SUPPLIED MATERIAL:
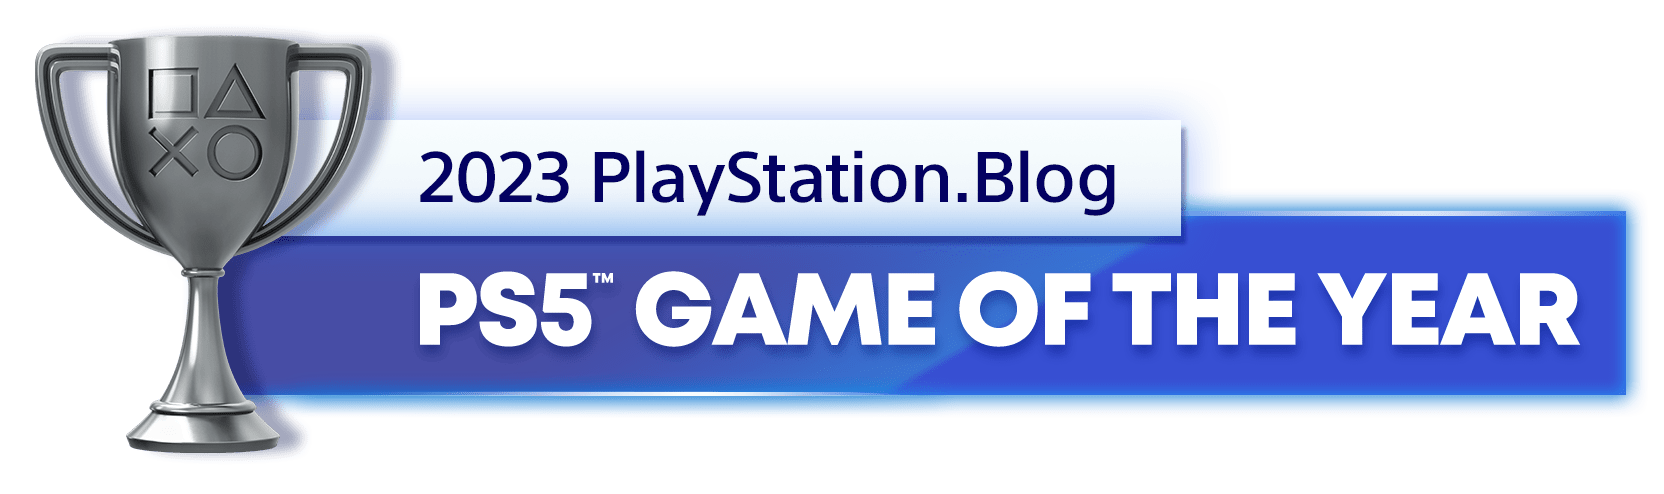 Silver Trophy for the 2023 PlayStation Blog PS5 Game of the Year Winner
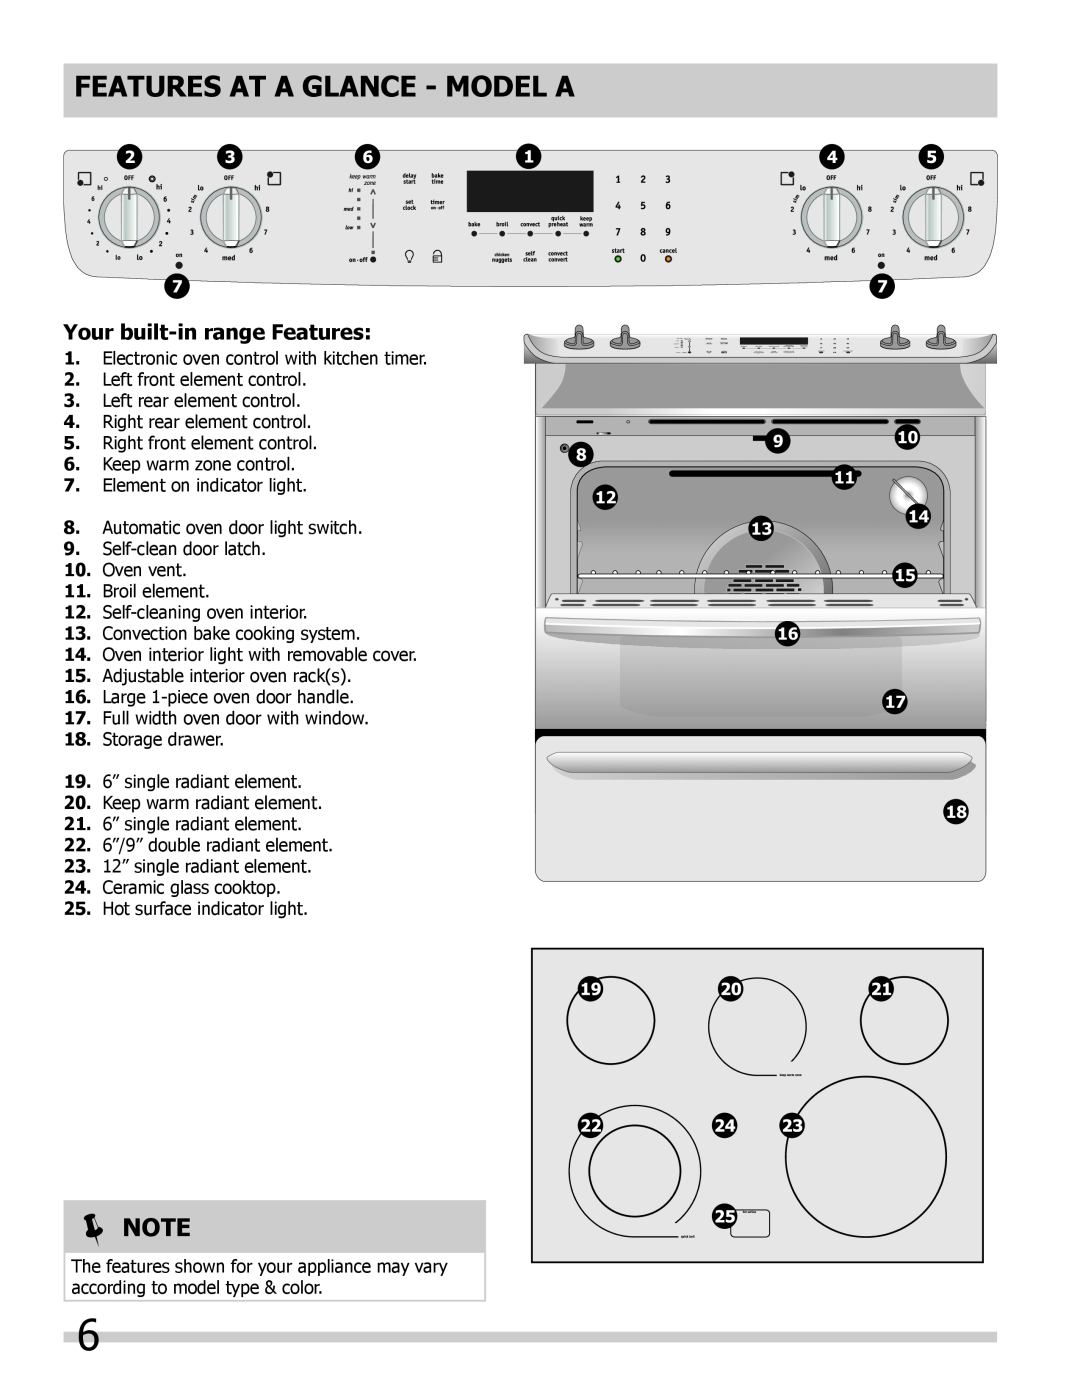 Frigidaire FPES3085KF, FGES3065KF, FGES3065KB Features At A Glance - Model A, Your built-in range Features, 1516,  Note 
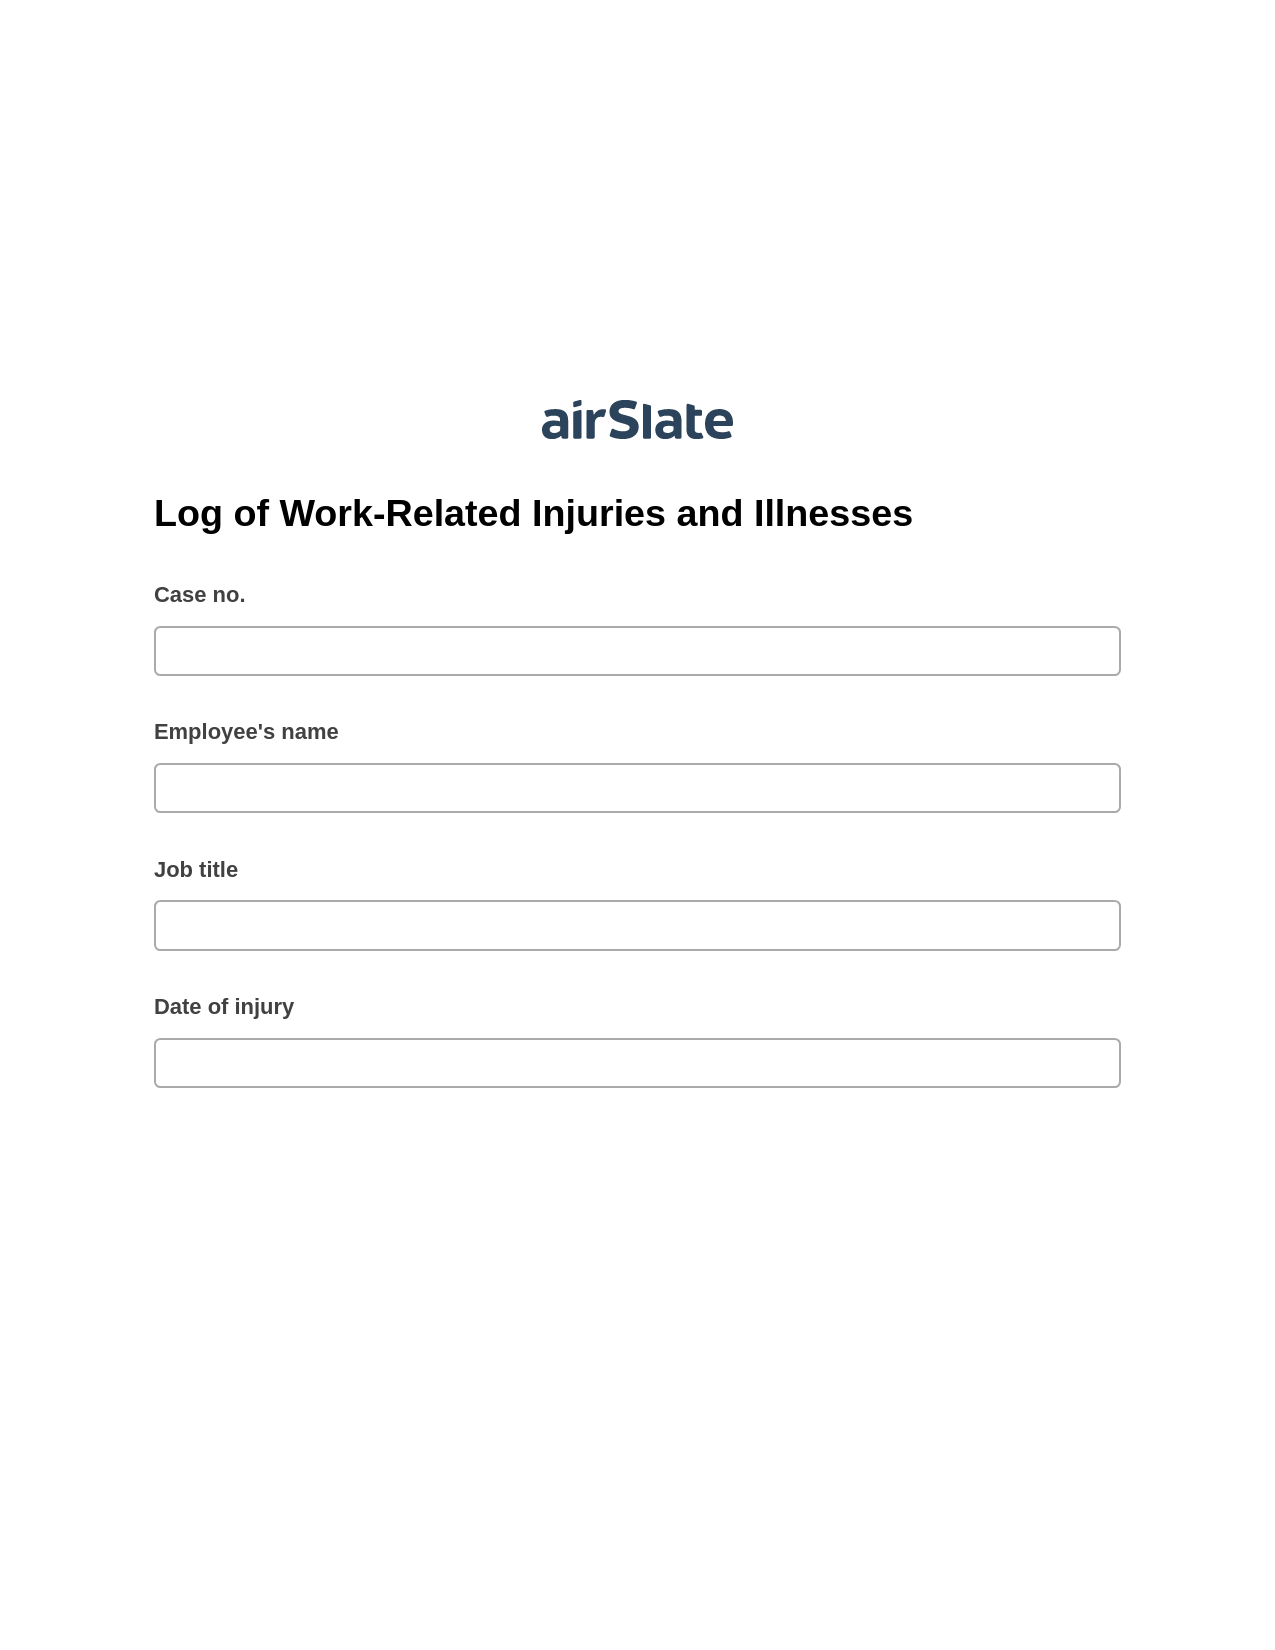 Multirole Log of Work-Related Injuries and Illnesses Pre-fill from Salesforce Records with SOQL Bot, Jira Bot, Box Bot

ASSIGNMENT: Everything in the material except the pictures should be restated word for word.

TASK RESPONSE:
 Silver Trophy for the 2023 PlayStation Blog PS5 Game of the Year Winner
 Frigidaire FPES3085KF, FGES3065KF, FGES3065KB Features At A Glance - Model A, Your built-in range Features, 1516,  Note 
 Multirole Log of Work-Related Injuries and Illnesses Pre-fill from Salesforce Records with SOQL Bot, Jira Bot, Box Bot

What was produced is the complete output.